Vyjayanti was also one of three people to put a PIL against Telangana Eunuchs act, 1329 Fasli. Later, on 6 July 2023, Telangana High Court struck down the act as unconstitutional and ultra vires the Constitution of India. She was against the centre's proposed Transgender Persons (Protection of Rights) Bill 2017. She also was one of the members to put an appeal for fair probe of CJI Sexual assault case. In 2020, Vyjayanti voiced out the pleat of troubles faced by transgender community in middle of the lockdown.
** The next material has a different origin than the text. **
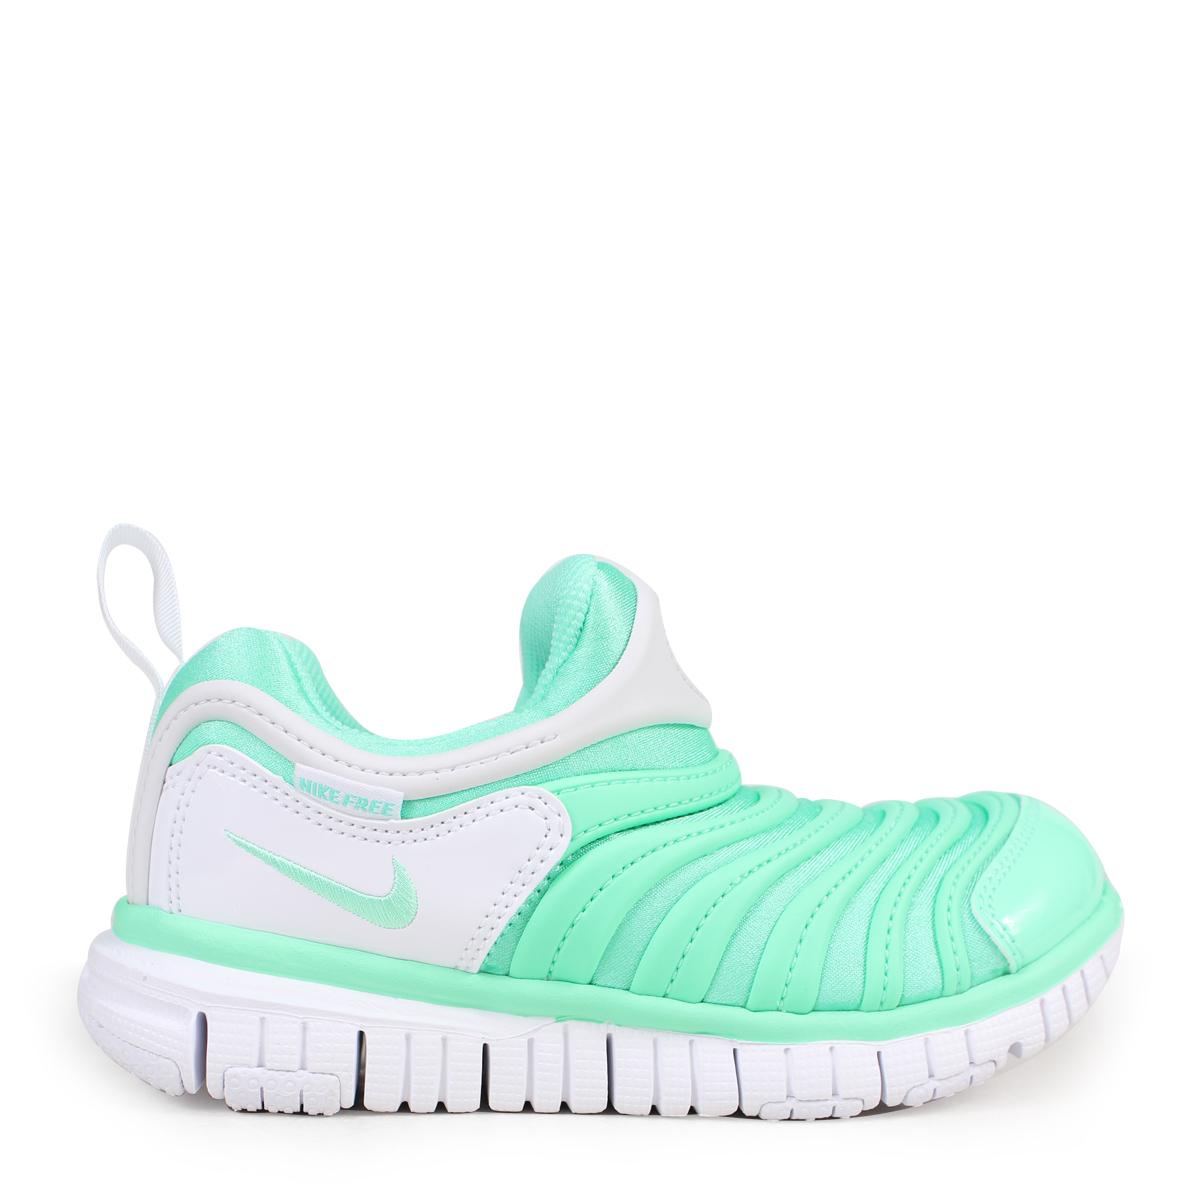 best service 89417 ebd7b ... NIKE DYNAMO FREE PS Nike dynamo-free kids sneakers 343,738-309 green  3  ...
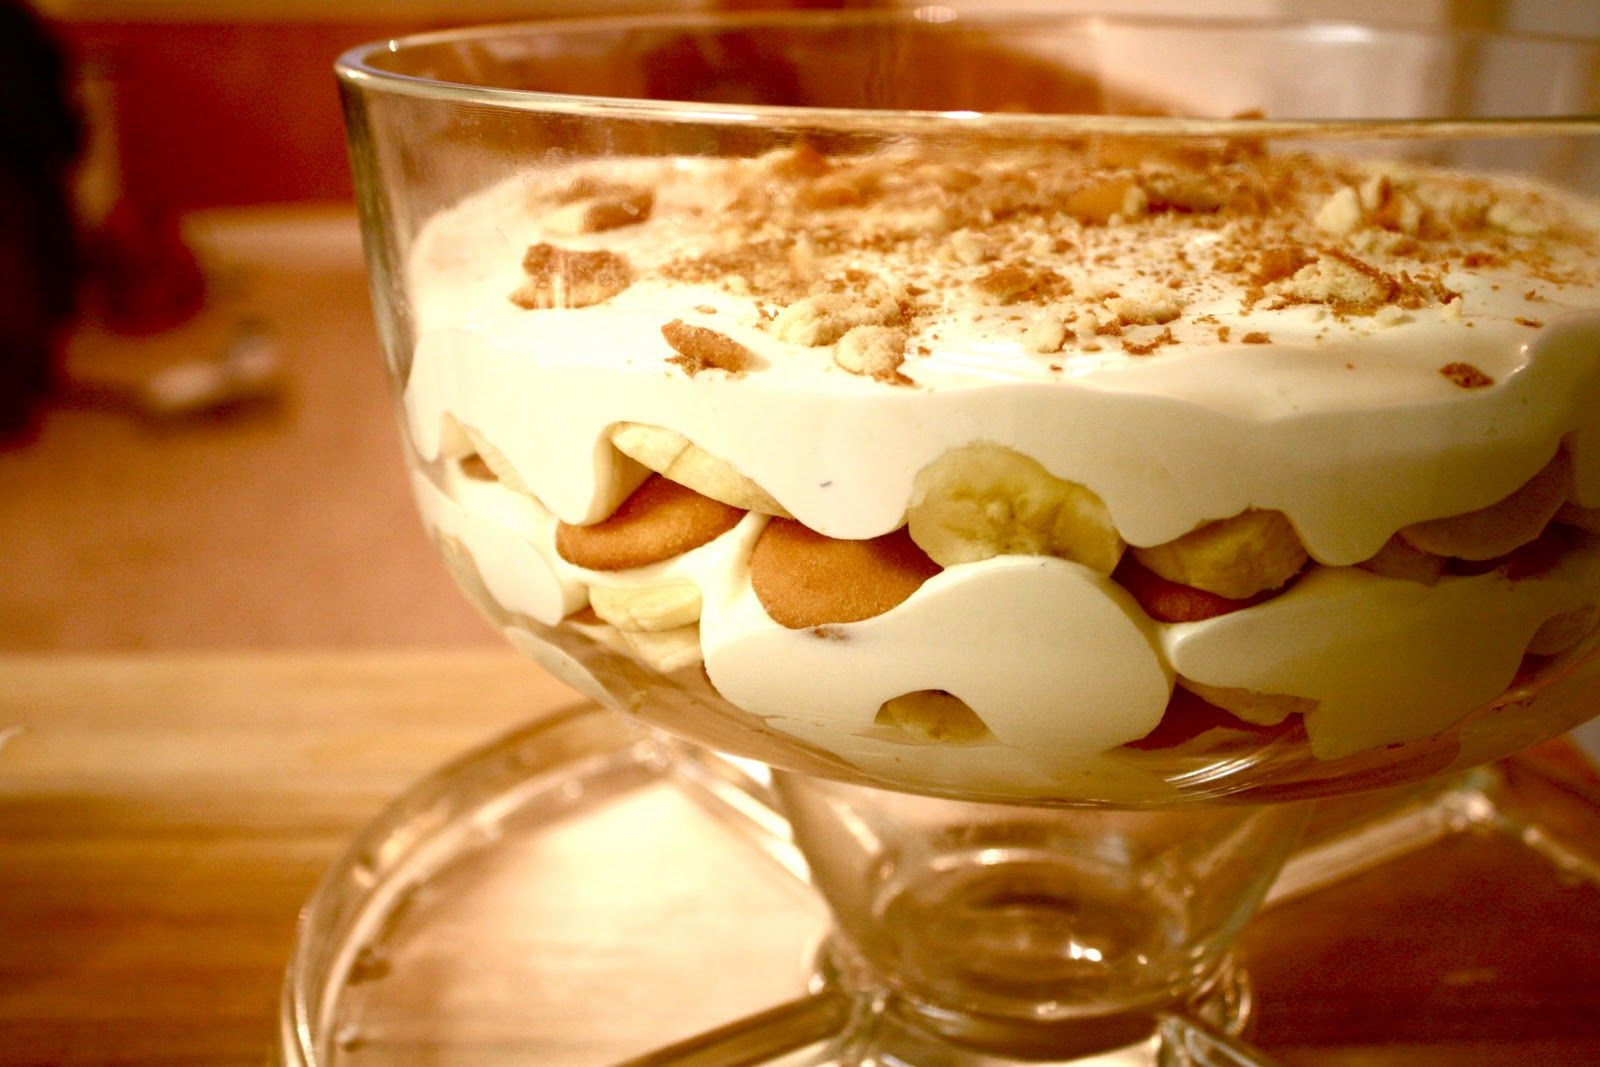 Banana Pudding 1 3 Oz Pkg Instant Vanilla Pudding 1 T Vanilla 2 C Milk 4 Oz Cool Whip Banana Pudding Best Banana Pudding Vanilla Wafer Banana Pudding

She said, "Given the way the economy is going and how tied up healthcare workers are going to be in the near future with COVID-19, there is some fear that the cost of the surgery may increase."

== Selected Keynotes and Panel Discussions ==

- ICCR Samanatha 2021
- Rainbow Lit Fest 2020
- Ampliying Pride 2019
- UFLS
- Public session: Gender in Media: Continuities and Discontinuities
- TISS Webinar on "Socio-economic inclusion of transgender persons"
- Hyderabad Lit Festival
- Orange the World: End Violence against Women Now.